When you're guilty and ashamed it's hard to think about anything other than what a bad person you are, and how you need to be better. Those feelings aren't helpful, even if they're what reminds you to bring in your reusable bags. Going waste-free should be a mostly positive experience; something you do out of love and desire to improve (be it yourself, your finances, or the world), not self-loathing and obligation. There will be problems and frustrations along the way, and that's okay. The point with this step is to deal with those bumps in the road, rather than cancel your journey altogether.

When you're frustrated or angry, you're turning your feelings out onto the world.  This does NOT mean you can yell at the cashier, lecture rude bystanders, or push your personal relationships to the brink with your insistence on zero waste. Instead, make a clear complaint to the store, offer the simple explanation of "I don't have a trash can", and surprise your loved ones with a zero waste meal.
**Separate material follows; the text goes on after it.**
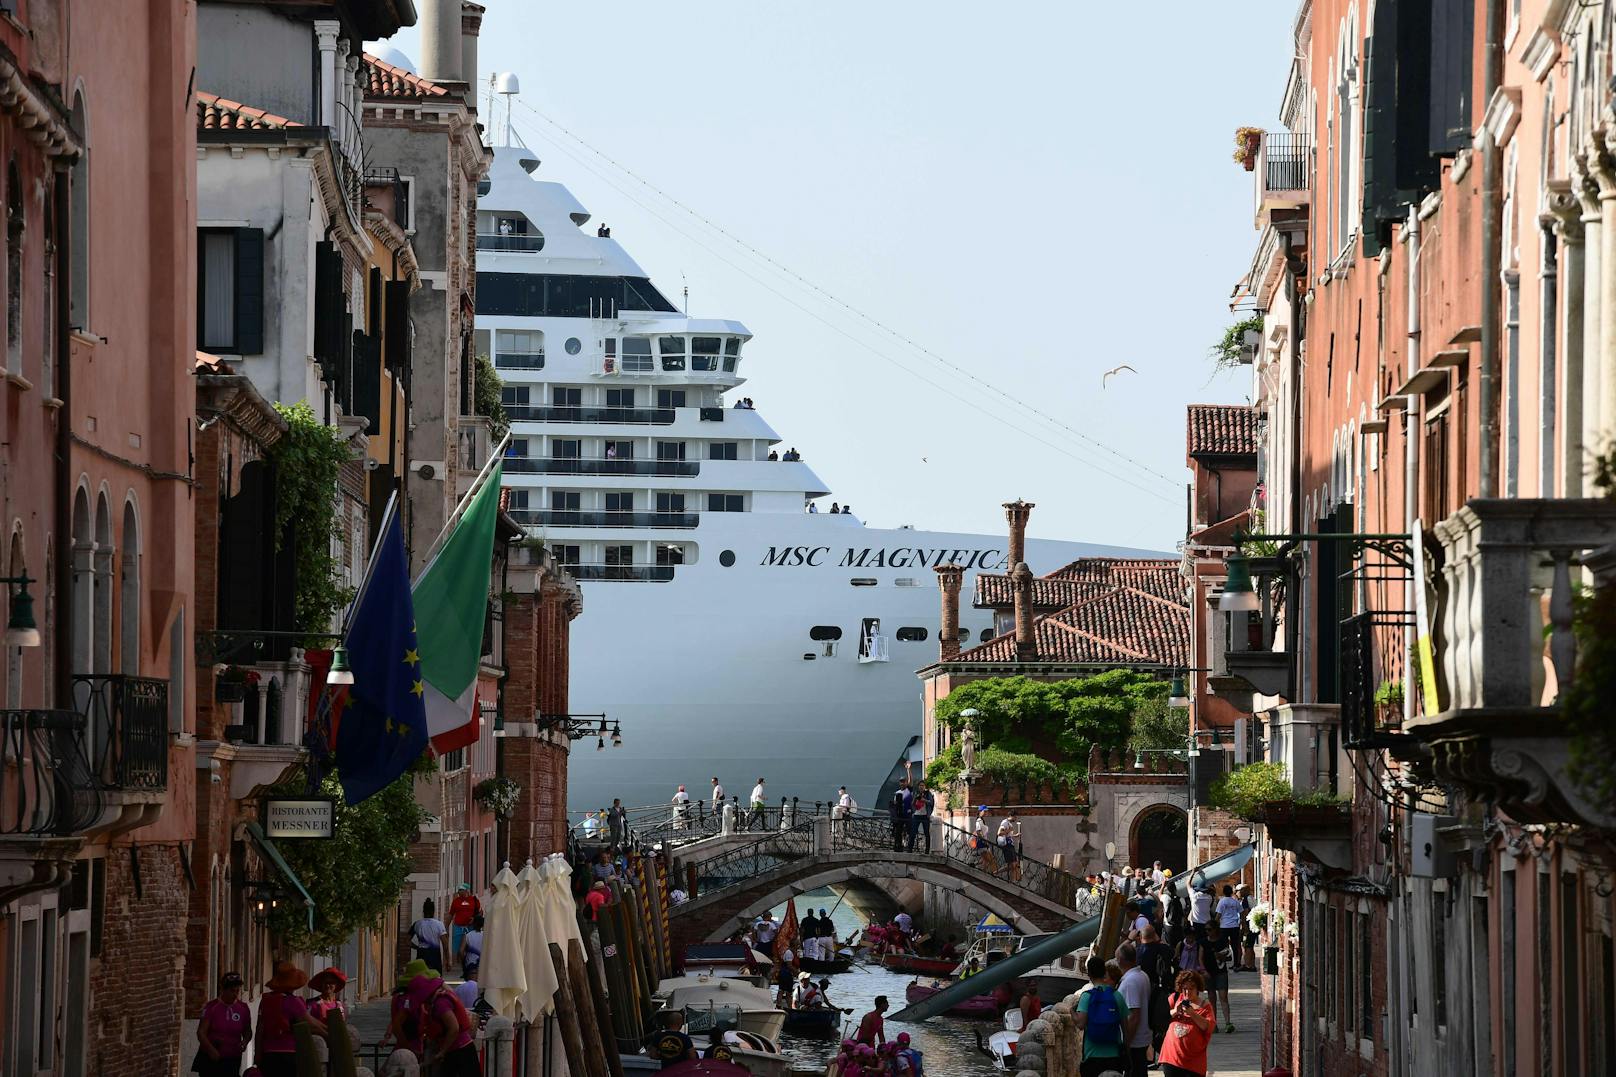 Nach jahrelangen Protesten dürfen große Schiffe vor San Marco und auf dem Giudecca-Kanal ab dem 1. August nicht mehr durchfahren. Foto am 09.06.2019 aufgenommen.

By being annoyed, we're trying to test the limits of the system so we know where to focus our action; by being ashamed, we're only testing our own limits of endurance and increasing the likelihood that we'll just give up.

So next time you feel yourself becoming sheepish over refusing that free bottle of water or asking the deli to fill a container brought from home, take a moment to focus on turning your feelings from shame to frustration, and then figure out the most positive thing you can do with that frustration. Often, being frustrated means you've found a real-life puzzle to solve. Those can be tricky, but not impossible. And by ditching embarrassment, you've left the problem of other people's judgments right where they belong, in their plastic shopping bags.